WORK INSTRUCTIONS:
In this exercise, print only the lines of the records below from the one with "naked-pussy-models-alexa-hot-nude" through the one with "1200 copy - Tranzacție: CTP", inclusive. Pictures are not part of the copy.

MATERIAL SUPPLIED:
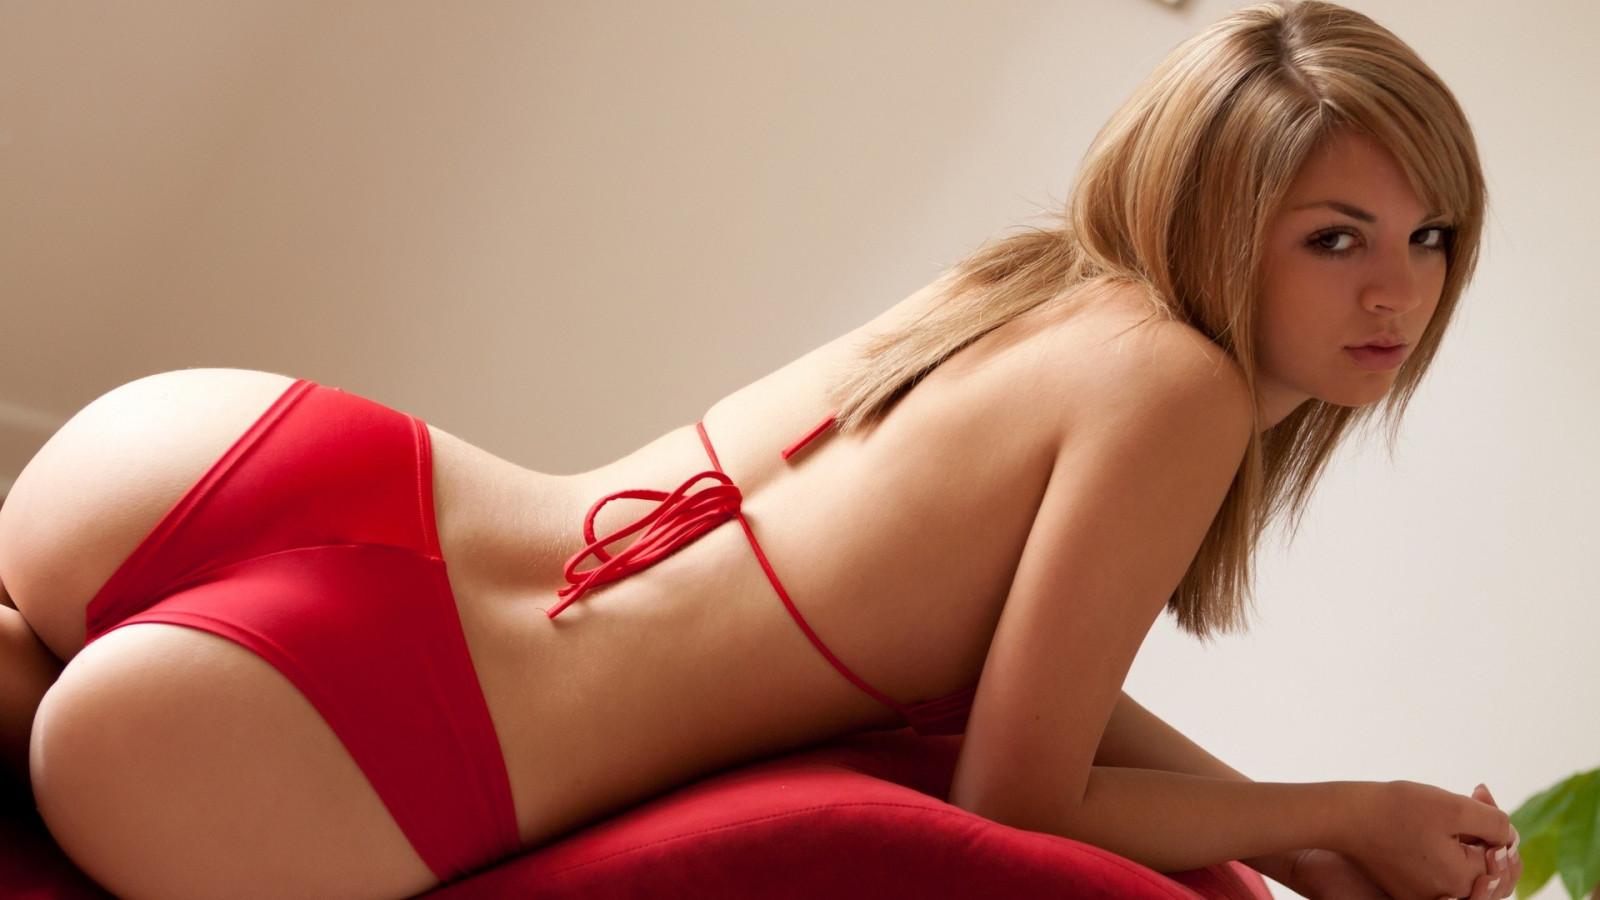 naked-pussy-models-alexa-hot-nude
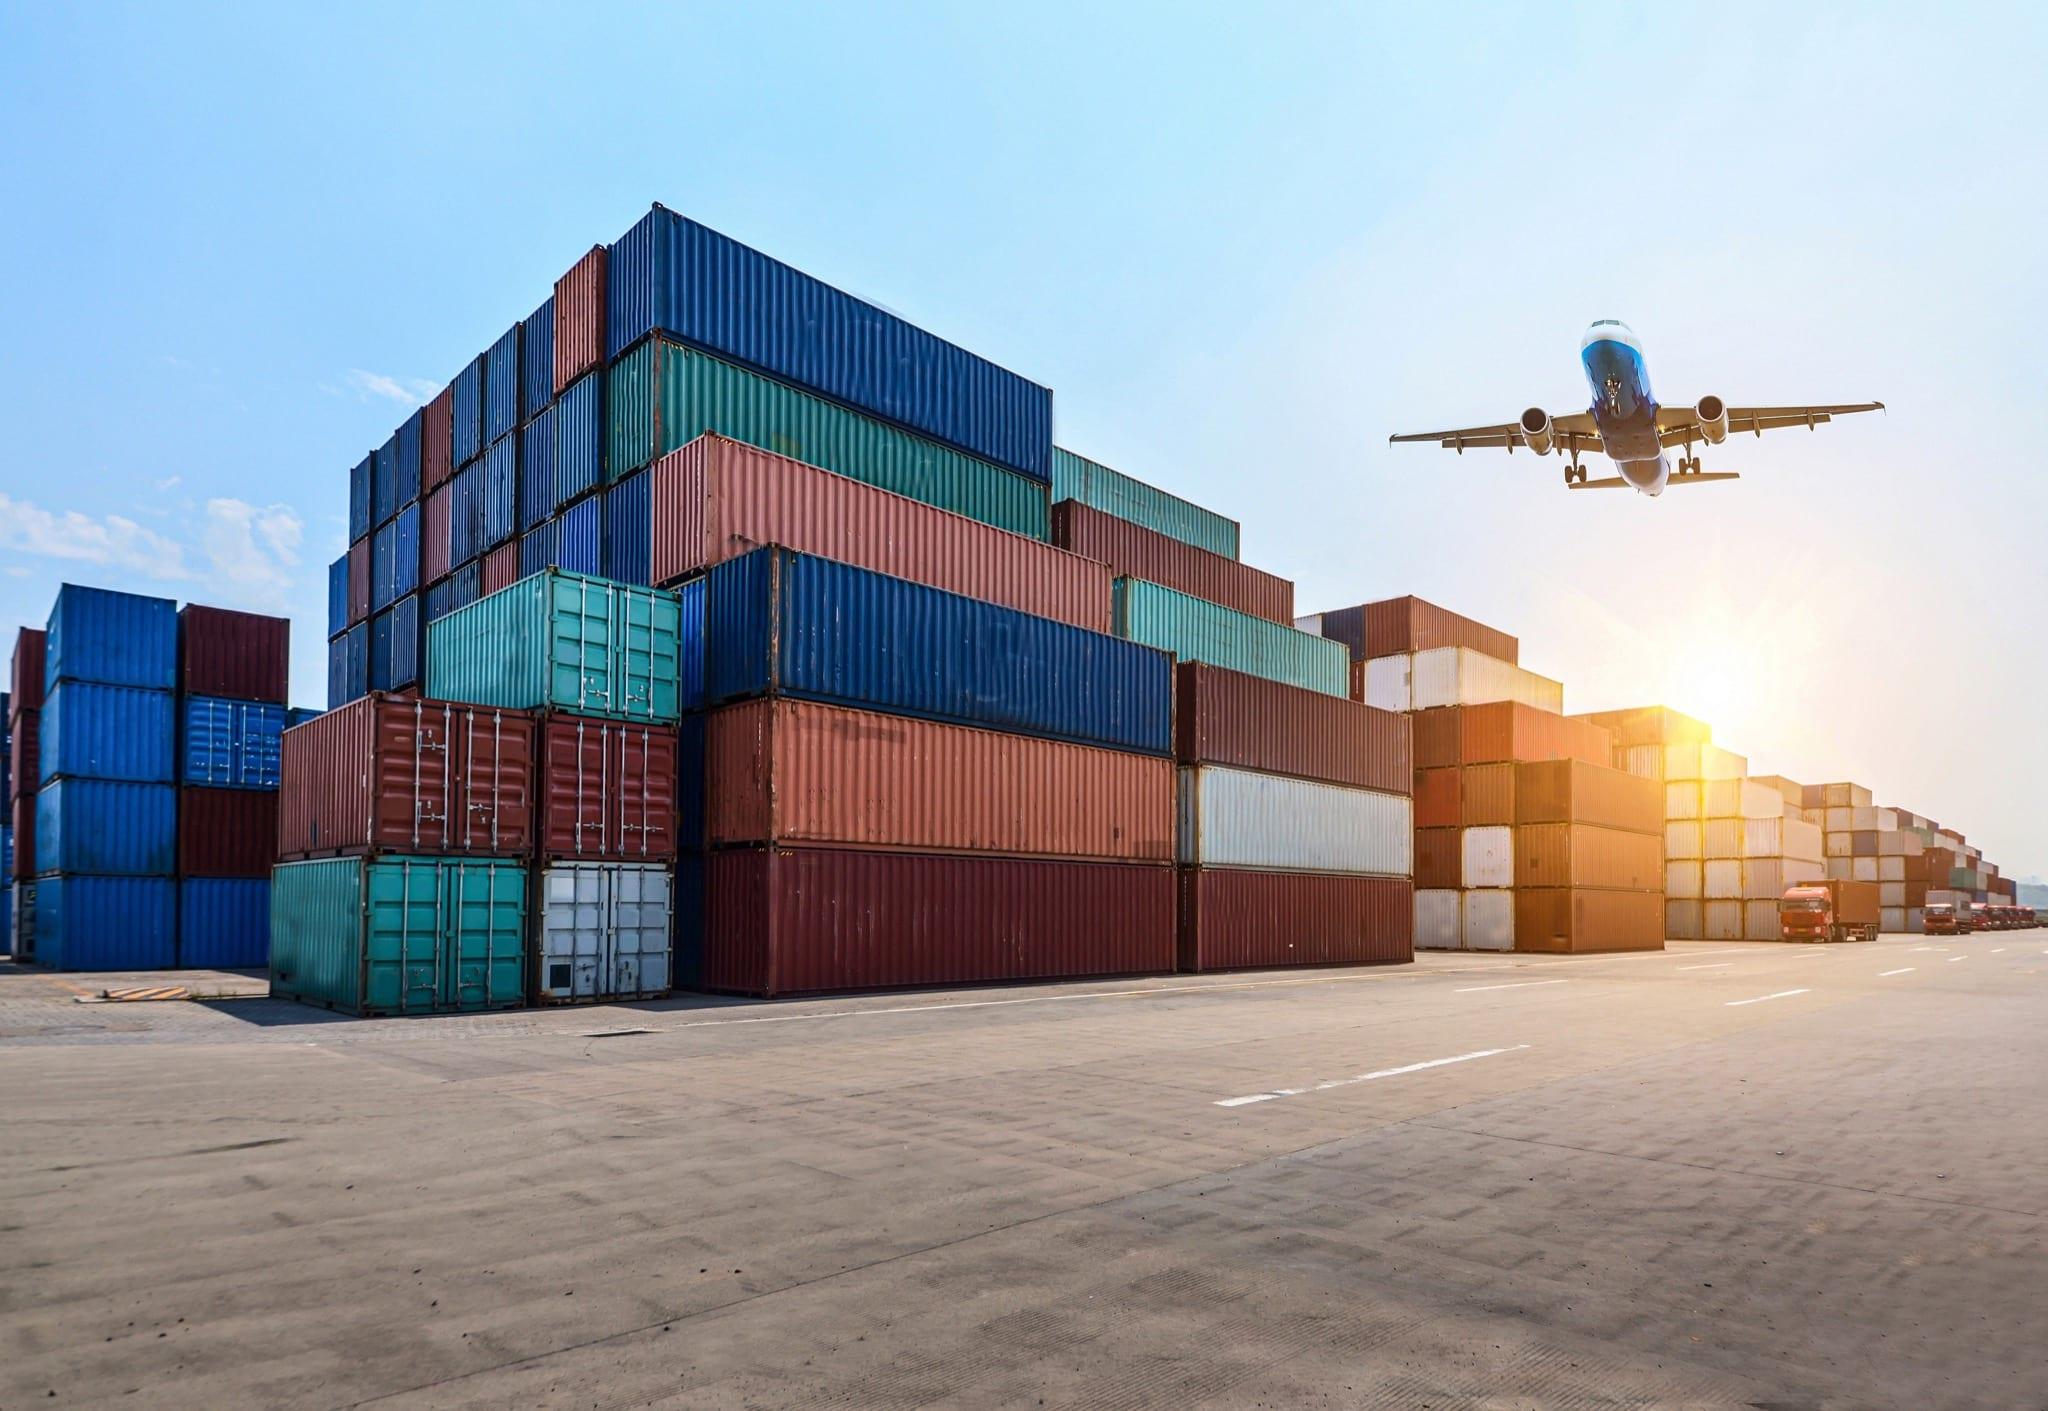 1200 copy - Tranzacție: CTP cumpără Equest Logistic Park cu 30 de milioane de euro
---
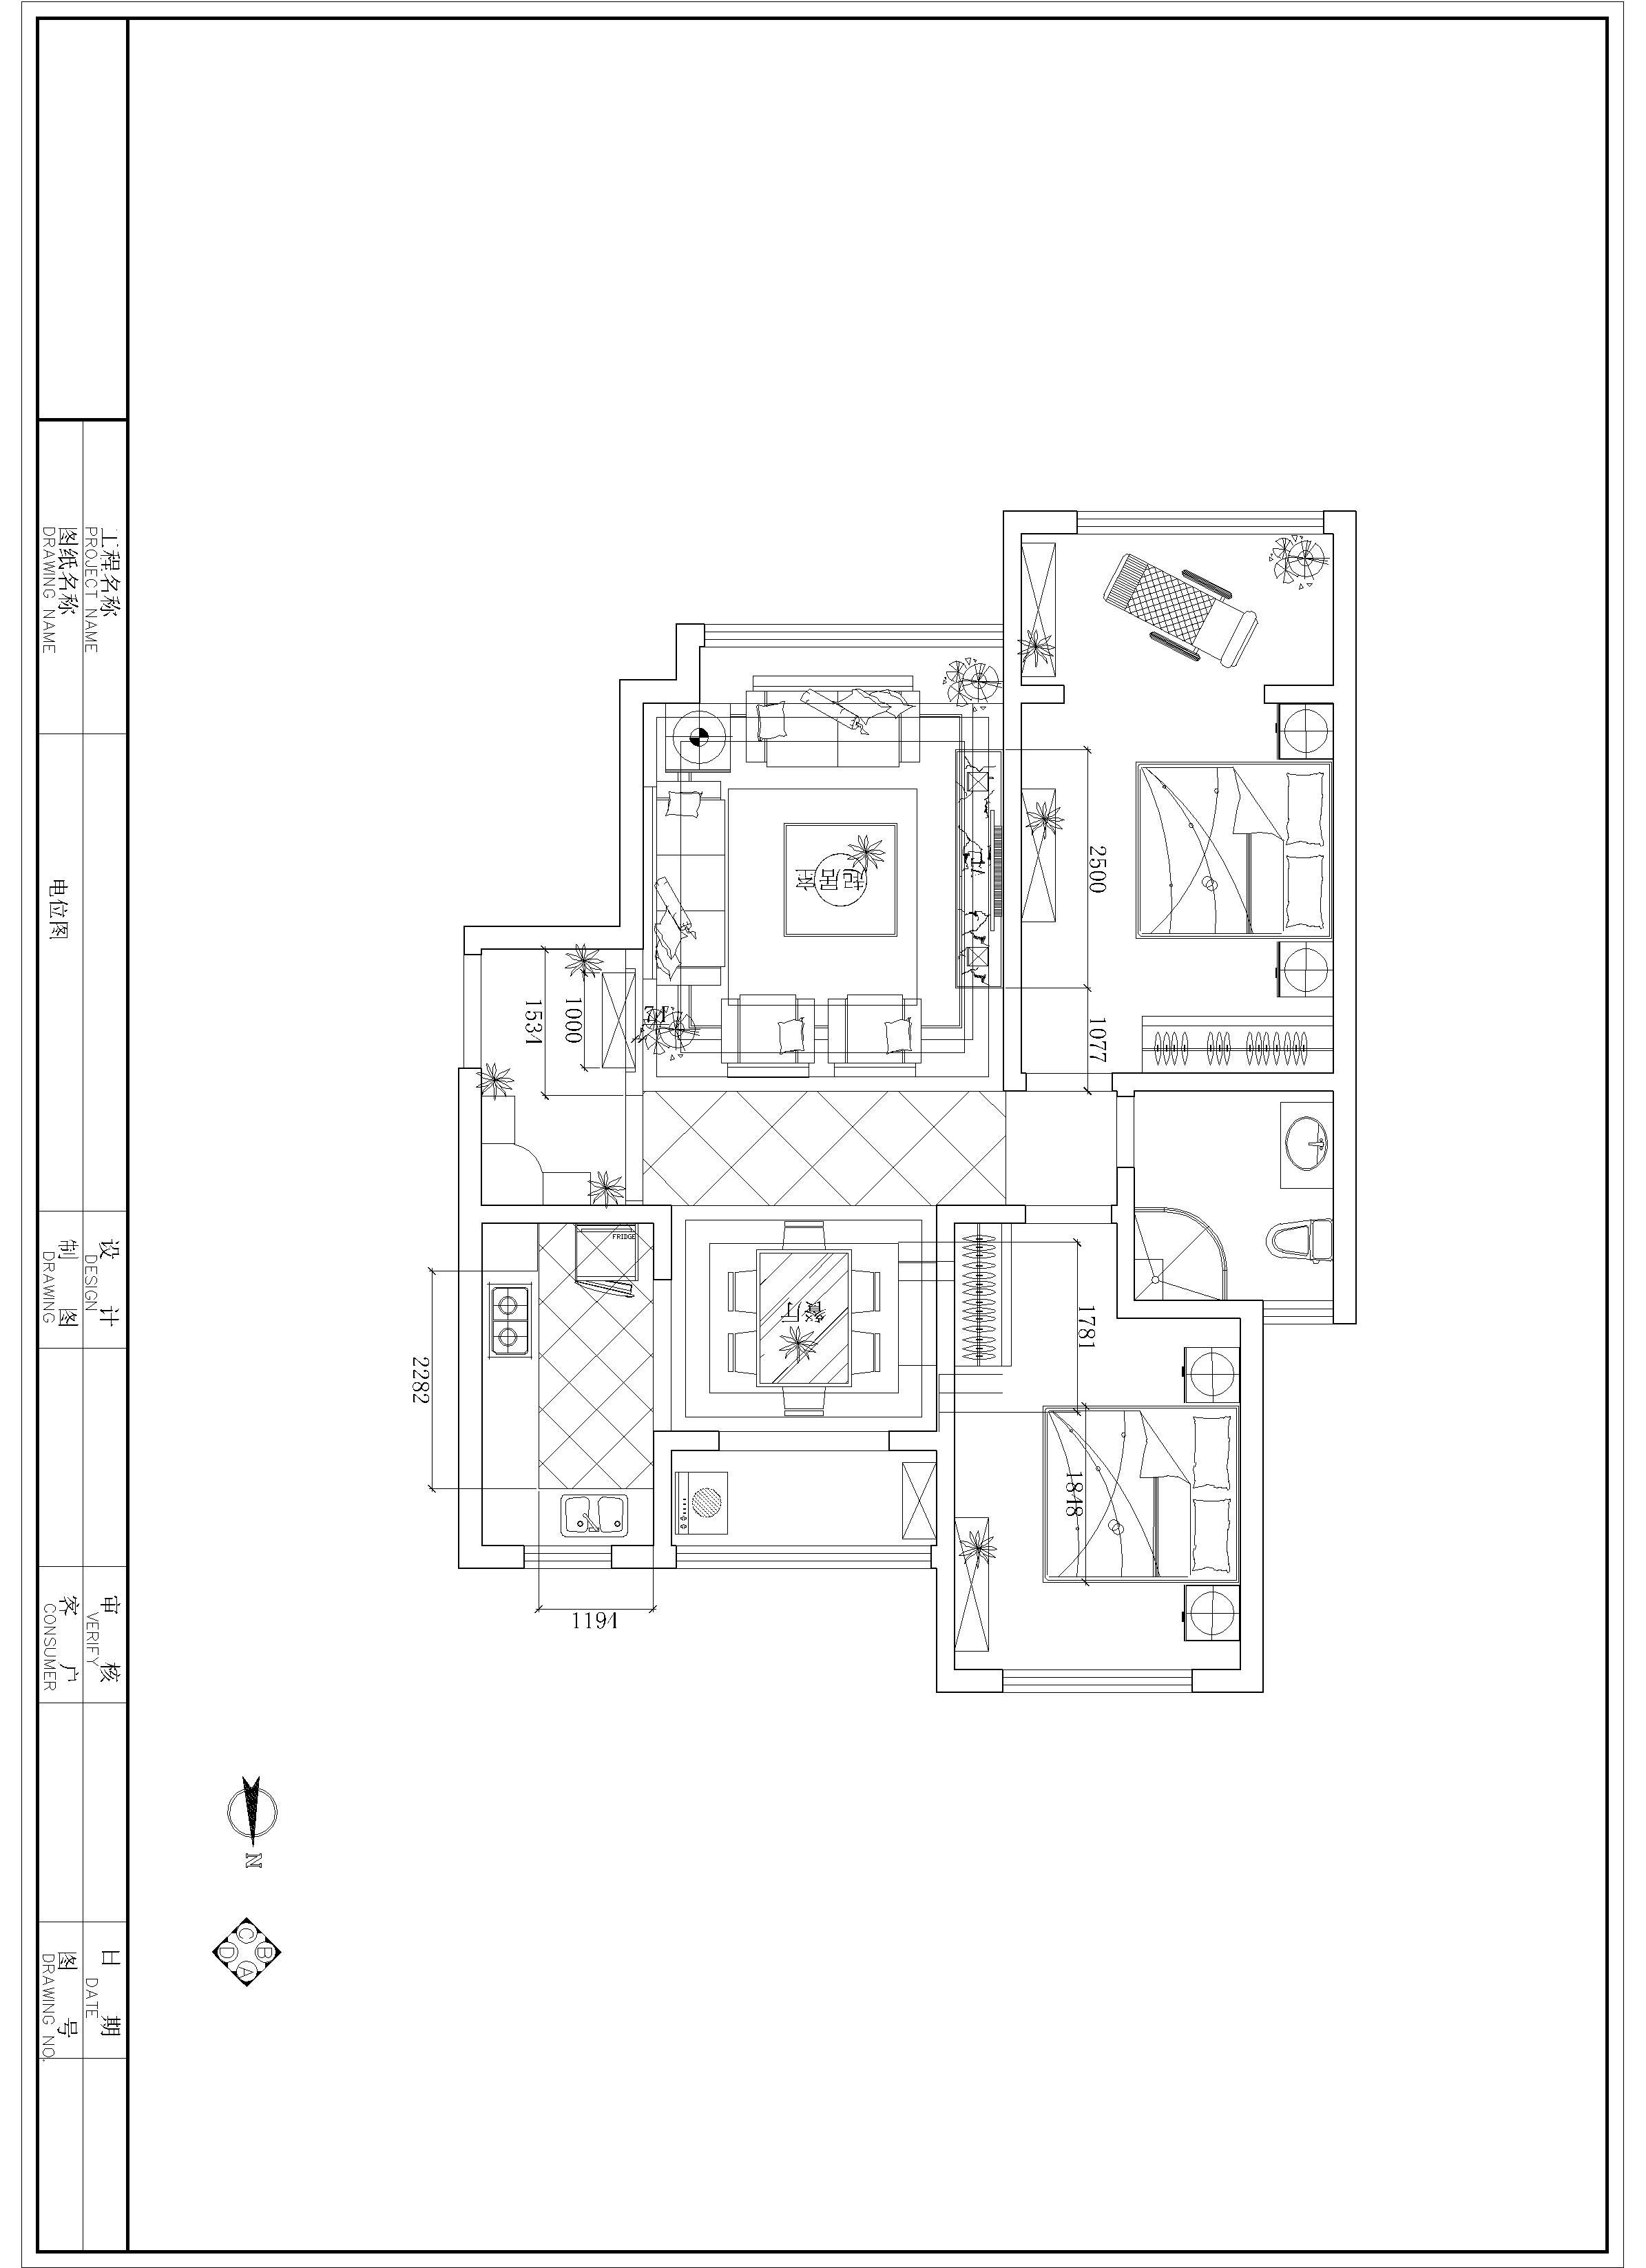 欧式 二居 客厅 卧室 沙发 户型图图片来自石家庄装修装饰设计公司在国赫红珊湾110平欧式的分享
...
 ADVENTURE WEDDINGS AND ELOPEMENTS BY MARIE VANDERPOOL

REPLY TO THE EXERCISE:
 naked-pussy-models-alexa-hot-nude
 1200 copy - Tranzacție: CTP cumpără Equest Logistic Park cu 30 de milioane de euro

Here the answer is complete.